I thought quickly over my summer in the mills, and it looked rather pleasurable in retrospect. Things do. There's a verse on that sentiment in Lucretius, I think. I thought of sizzling nights; of bosses, friendly and unfriendly; of hot back-walls, and a good first-helper; of fighting twenty-four-hour turns; of interesting days as hot-blast man; of dreaded five-o'clock risings, and quiet satisfying suppers; of what men thought, and didn't think— And again, of how much the life was incident to a flinty-hearted universe and how much to the stupidity of men. I knew there were scores of matters arranging themselves in well-ordered data and conclusion in my head. I had a cool sense that, when they came out of the thinking, they would not be counsels of perfection, or denunciations, but would have substance, be able to weather theorists, both the hard-boiled and the sentimental, being compounded of good ingredients—tools, and iron ore, and the experience of workmen.

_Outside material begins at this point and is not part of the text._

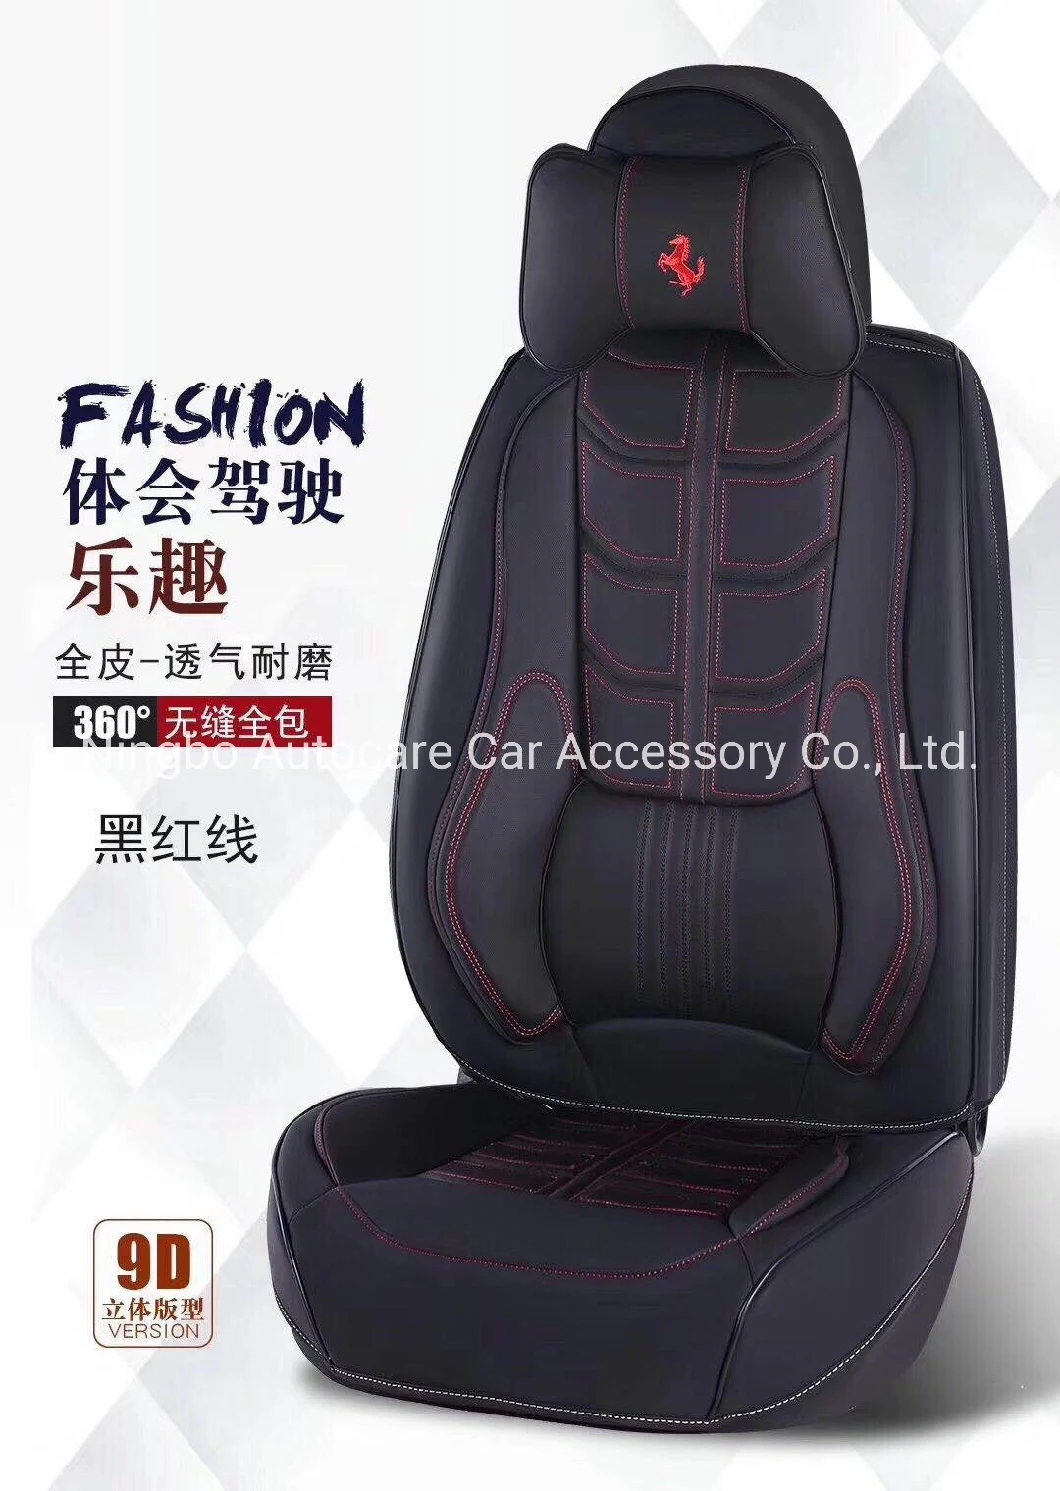 Auto Car Accessory Car Decoration High Quality Car Seat Cover Universal Auto Car Seat Cover

Is there any one thing though that stands out? I heard the train whistle a warning of its arrival. Perhaps, if a very complicated matter like the steel-life can be compounded in a phrase, it had been done by the third-helper on Six. On the day we had thrown manganese into a boiling ladle, in a temperature of 130°, he had turned to me slowly and summed it all up.

"To hell with the money," he said; "no can live!"


EPILOGUE A Furnace-Worker
Talks over the Twelve-Hour Day


EPILOGUE

I have tried to put down the record of the whole of my life, as I lived it, and the whole of my environment, as I saw and felt it, among the steel-workers in 1919. To me the book is the story of certain obscure personalities, and the record of certain crude and vital experiences we passed through together. I think it may be read as a story of men and things.